(WHAT TO WORK ON) Only the lines from the one that contains "siemens ex801kye1e induktion" to the last line below, both included, should be transcribed. Pictures stay out of the copy.

(INPUT DATA)
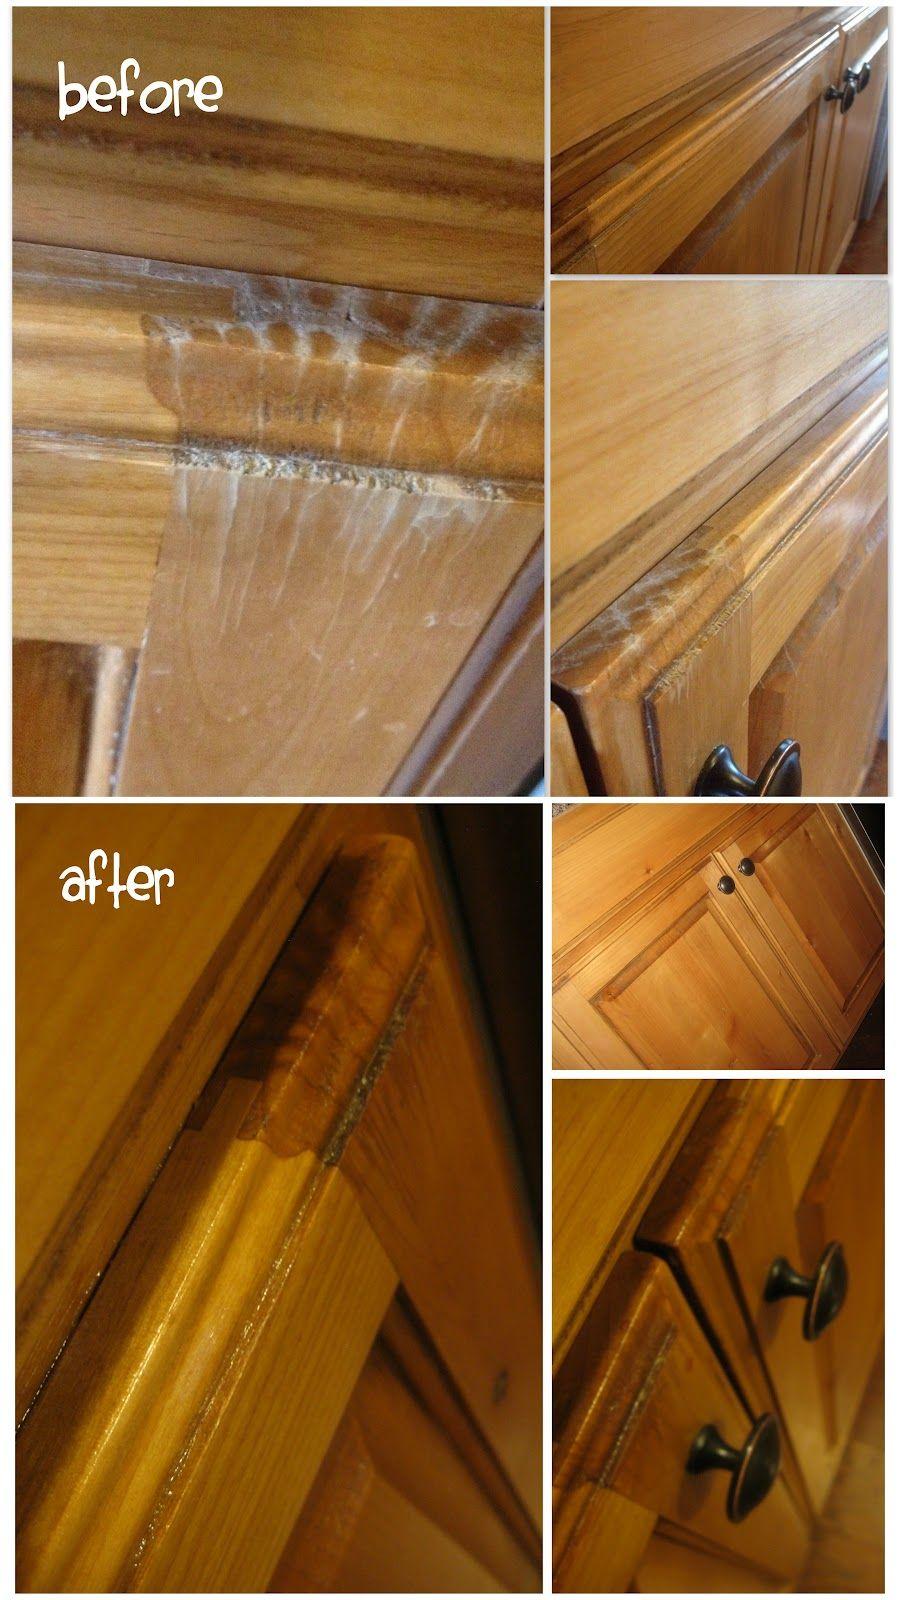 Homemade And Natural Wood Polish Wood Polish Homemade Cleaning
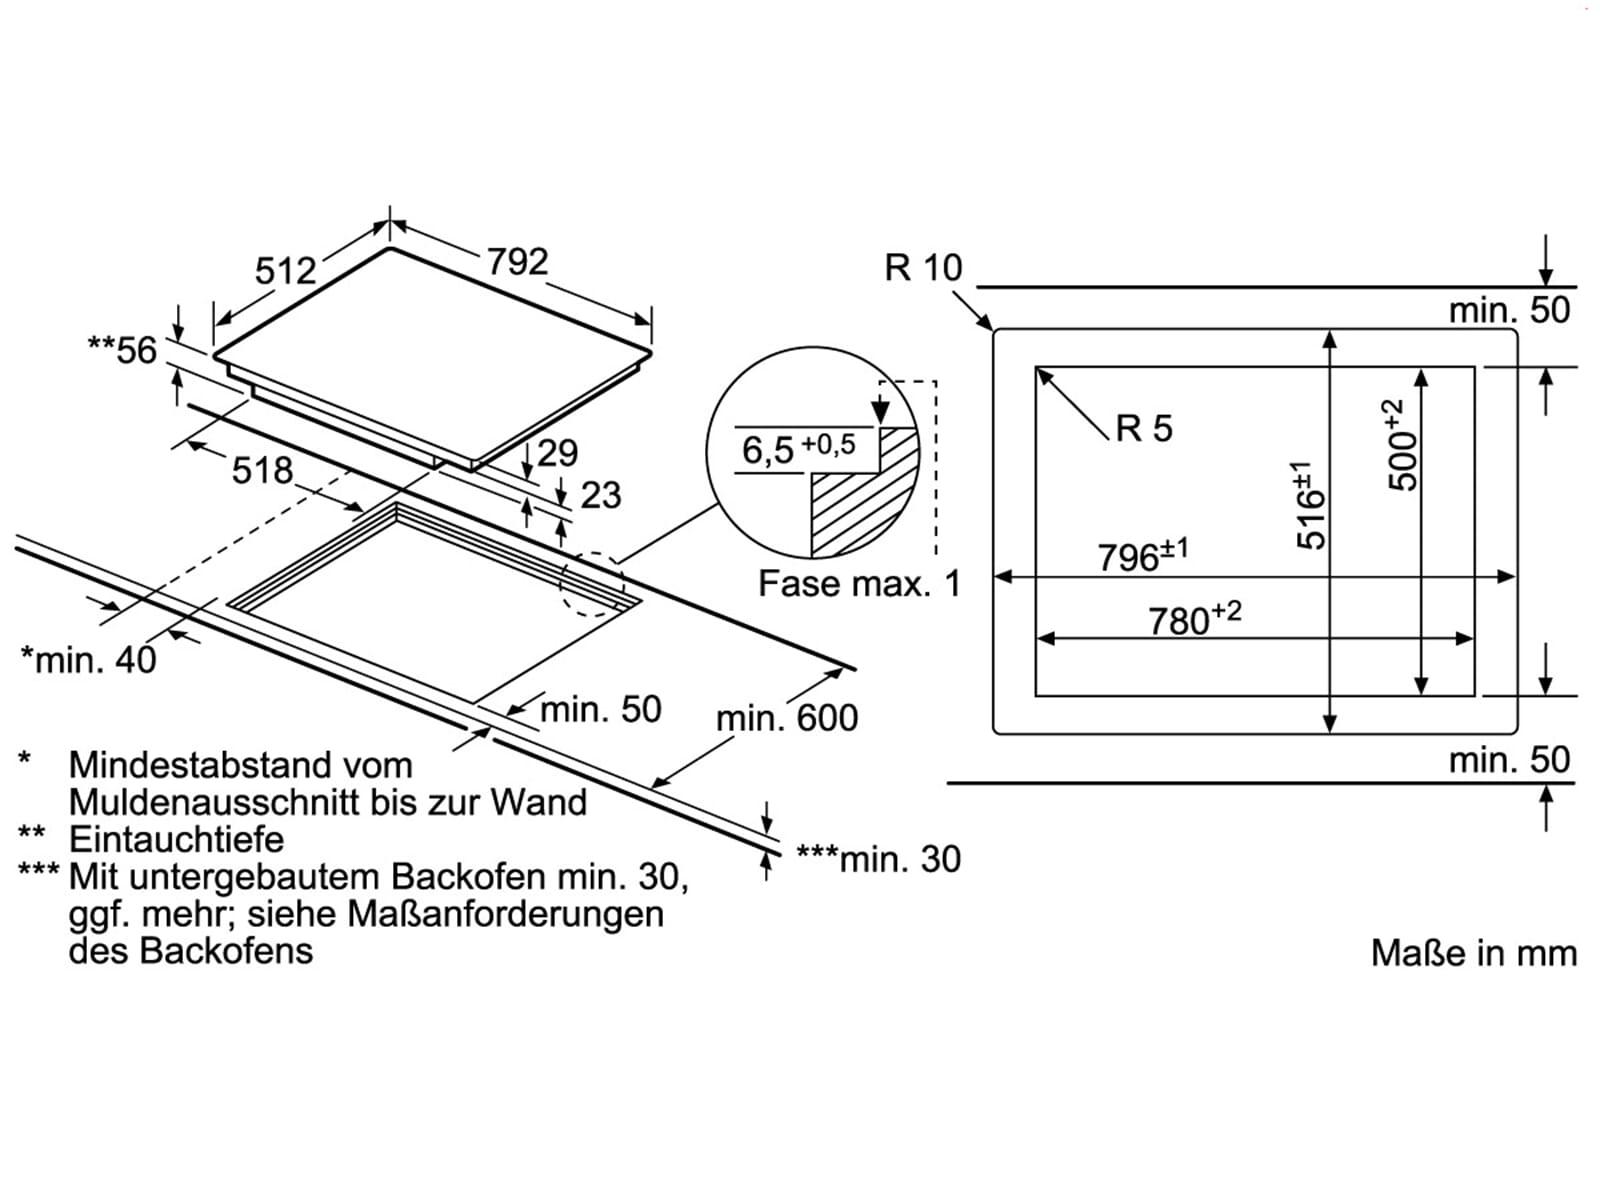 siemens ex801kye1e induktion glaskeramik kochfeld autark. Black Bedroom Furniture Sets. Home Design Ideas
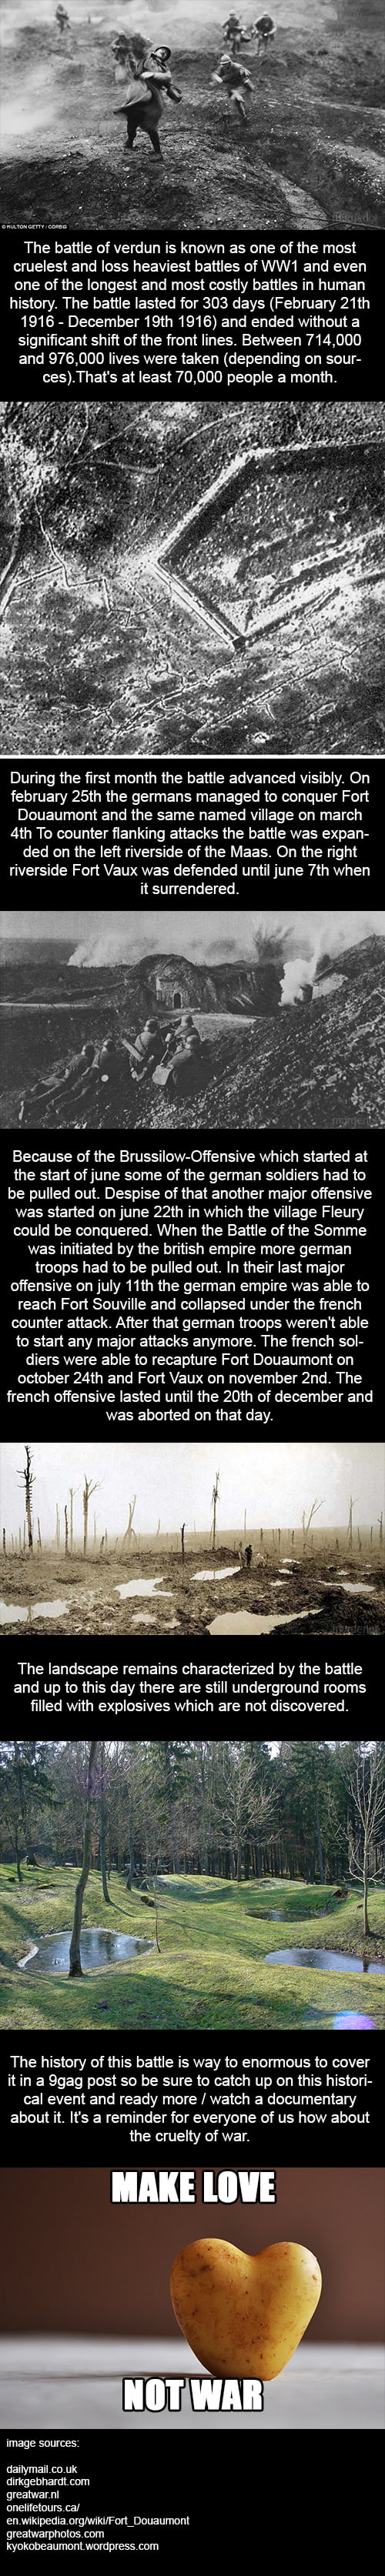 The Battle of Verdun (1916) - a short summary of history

(RESPONSE FOR THIS EXERCISE)
 siemens ex801kye1e induktion glaskeramik kochfeld autark. Black Bedroom Furniture Sets. Home Design Ideas
 The Battle of Verdun (1916) - a short summary of history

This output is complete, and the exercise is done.